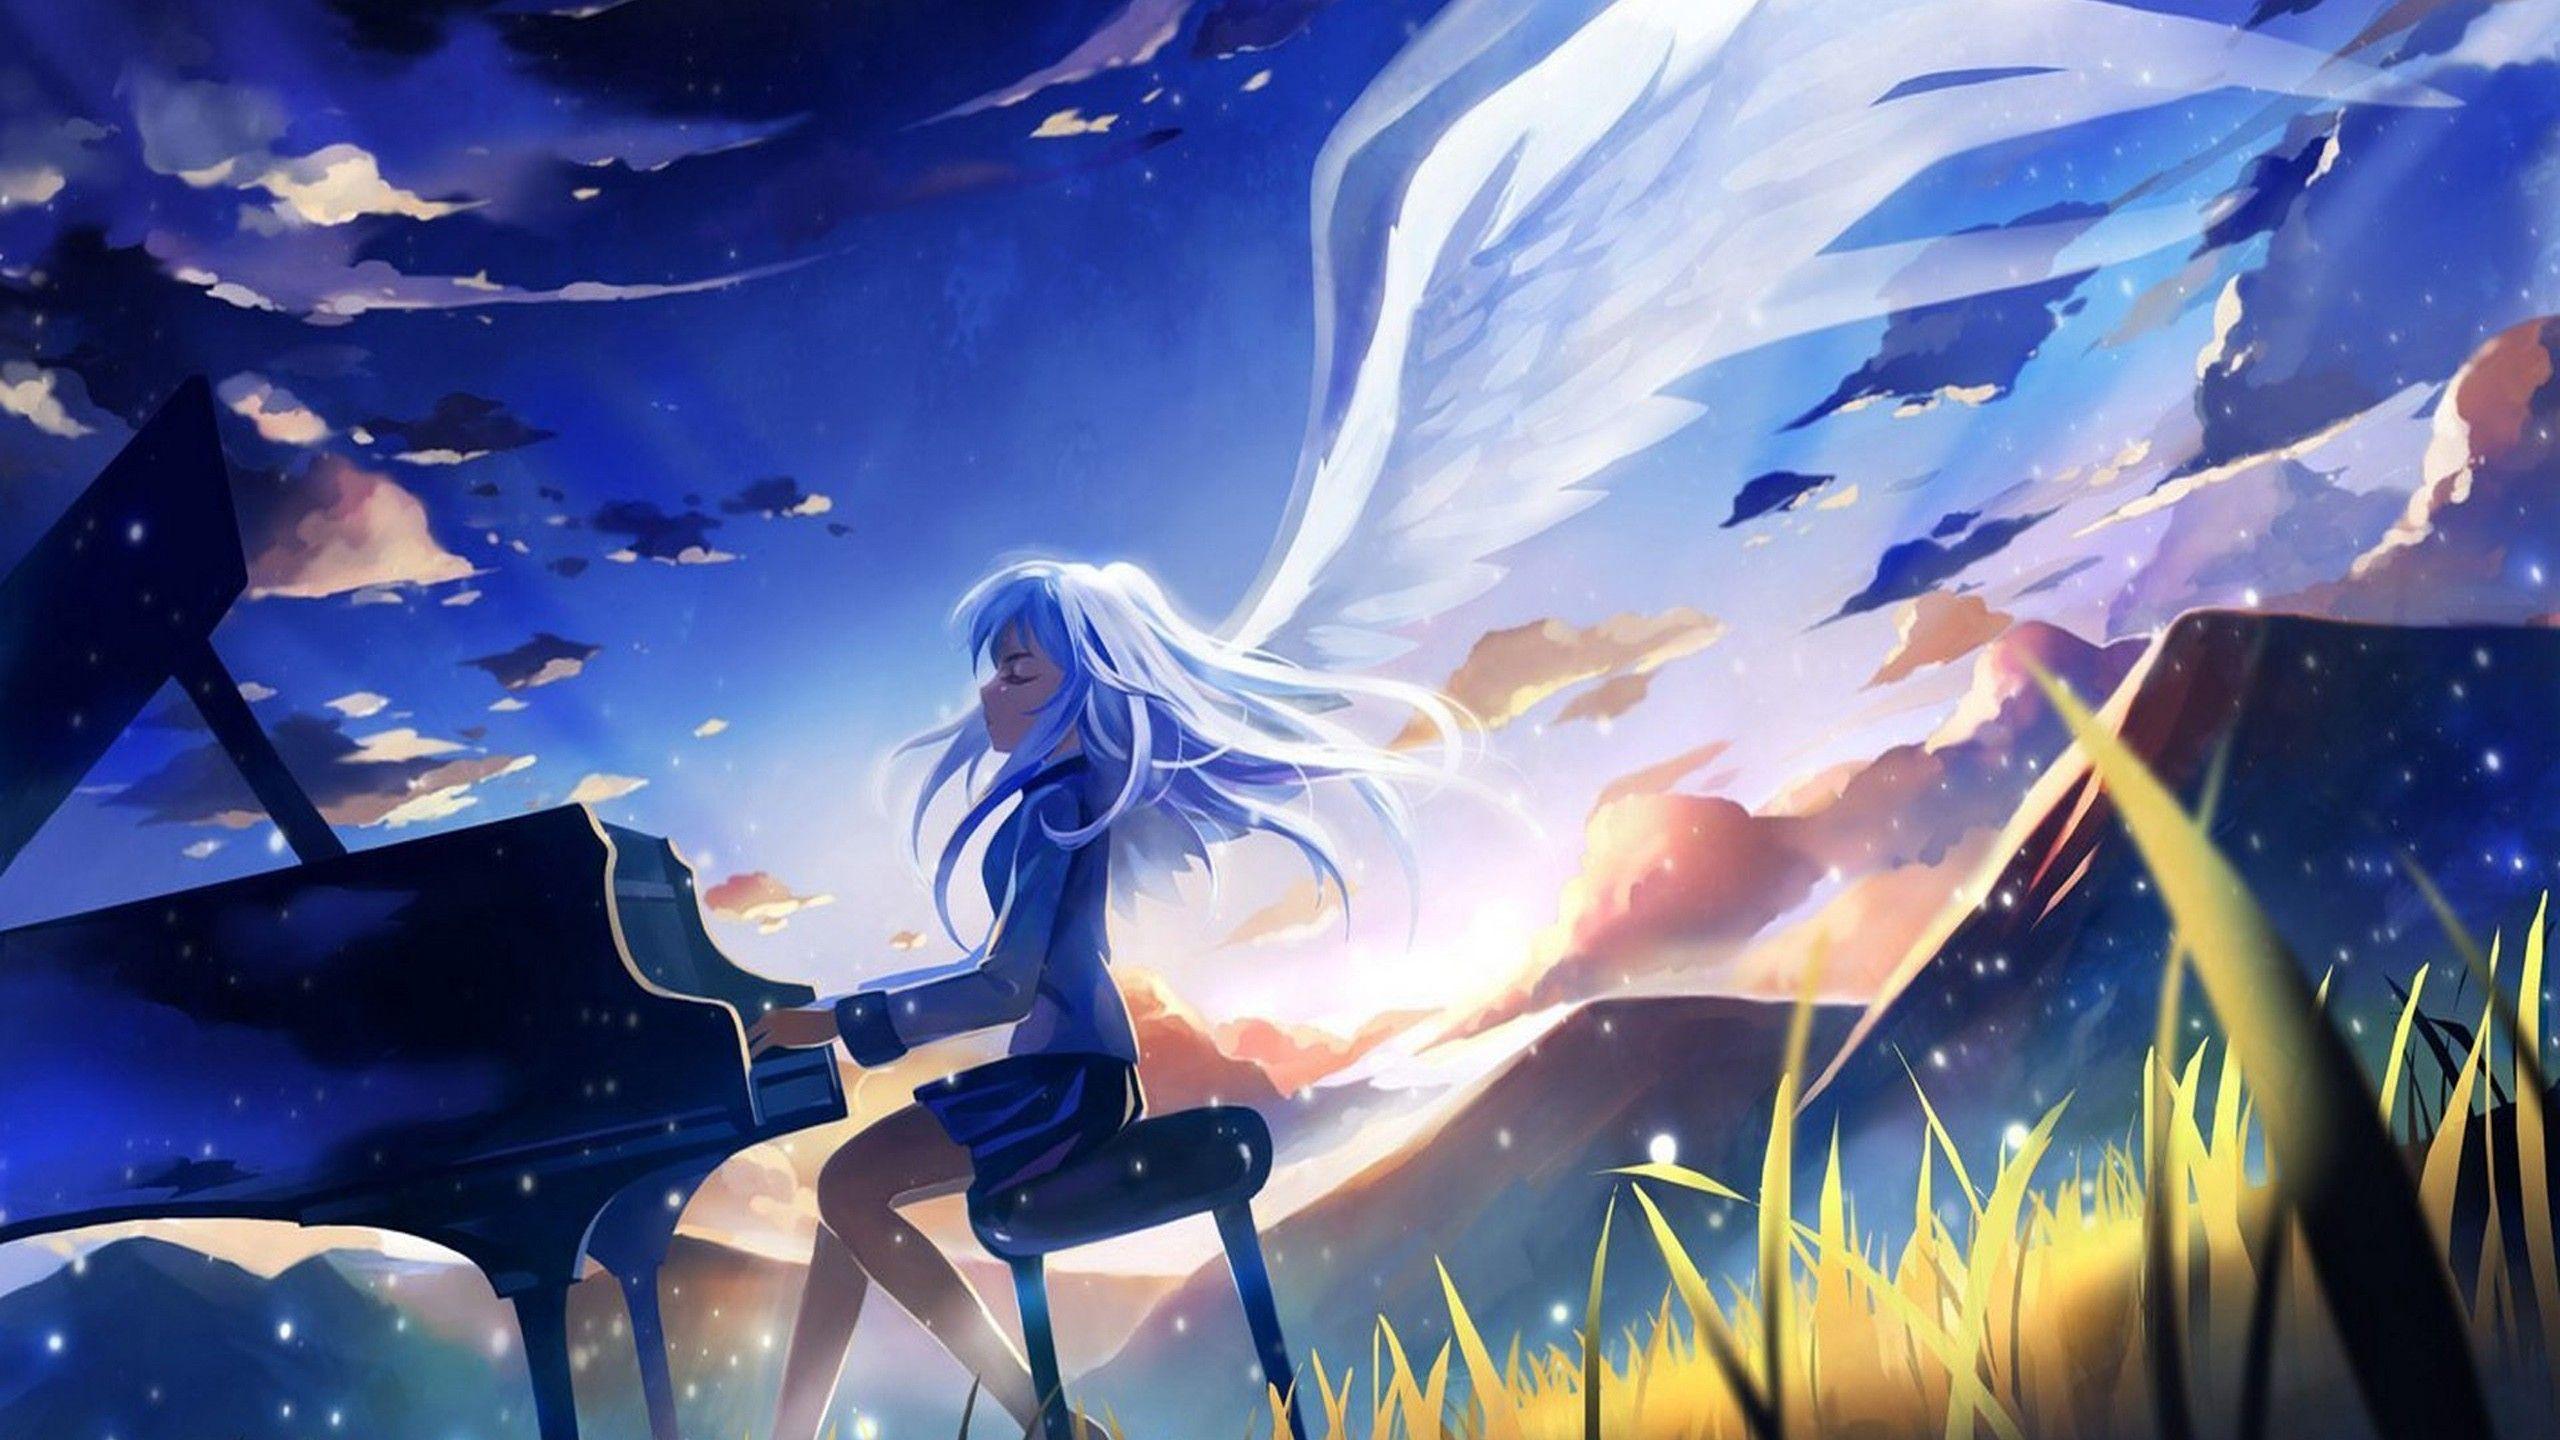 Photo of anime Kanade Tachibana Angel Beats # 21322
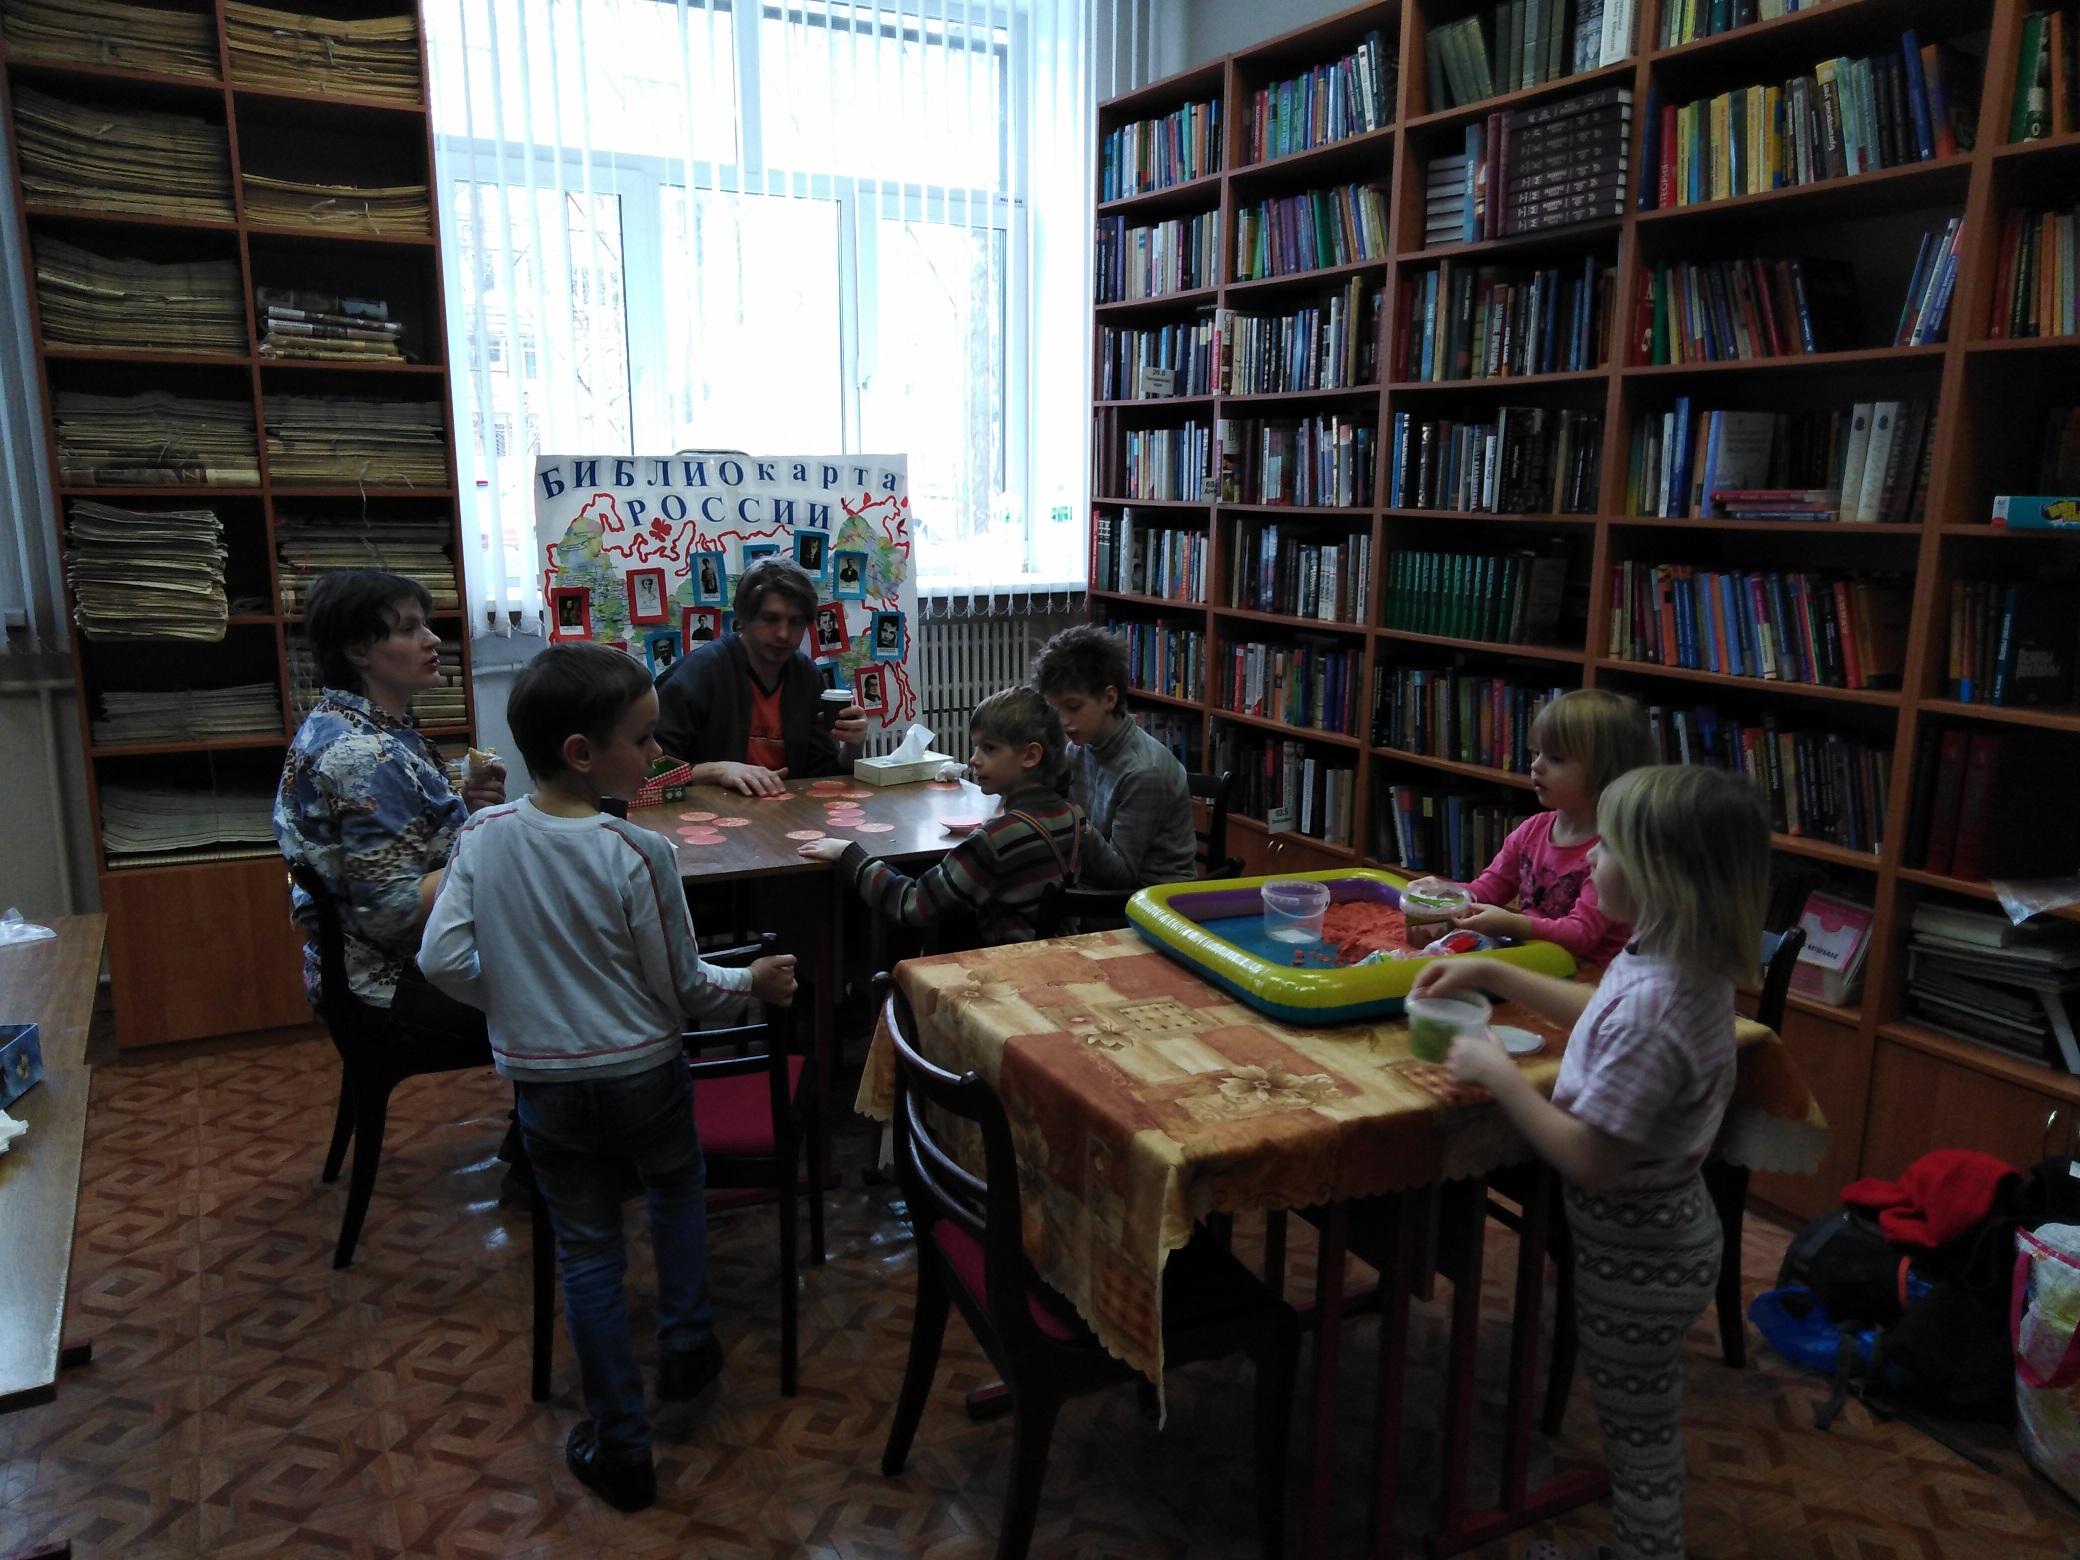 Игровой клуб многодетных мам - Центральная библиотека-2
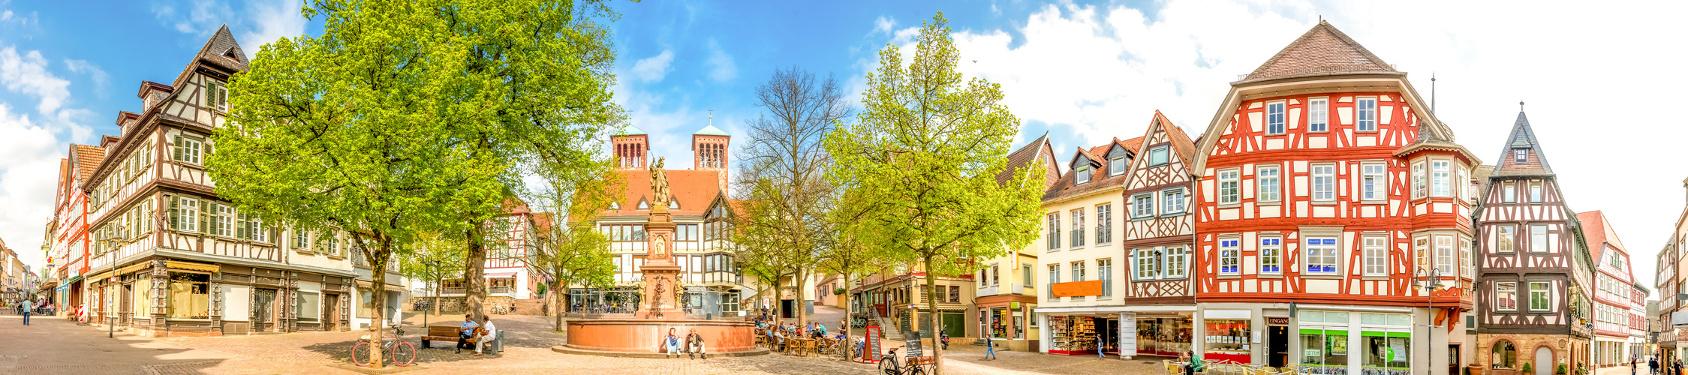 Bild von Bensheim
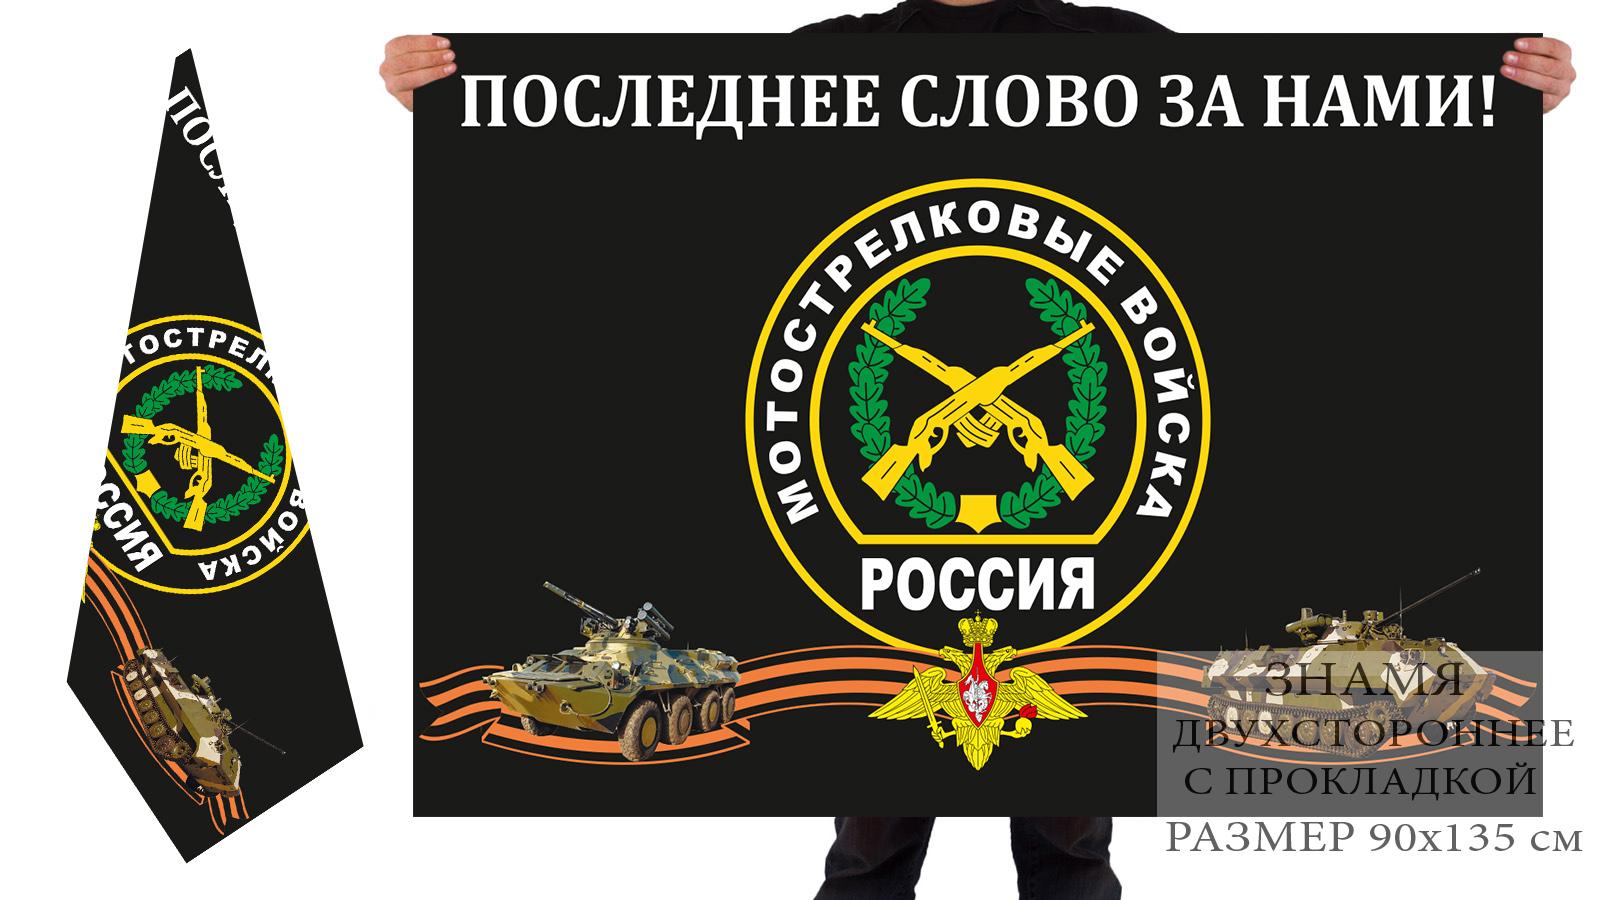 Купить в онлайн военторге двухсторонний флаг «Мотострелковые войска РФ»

▶ [EXERCISE PROMPT]: Locate the line containing "Bild von Bensheim" in the material above, then repeat it and every later line exactly, with no pictures.

▶ [PROBLEM SOLUTION]:
 Bild von Bensheim
 Купить в онлайн военторге двухсторонний флаг «Мотострелковые войска РФ»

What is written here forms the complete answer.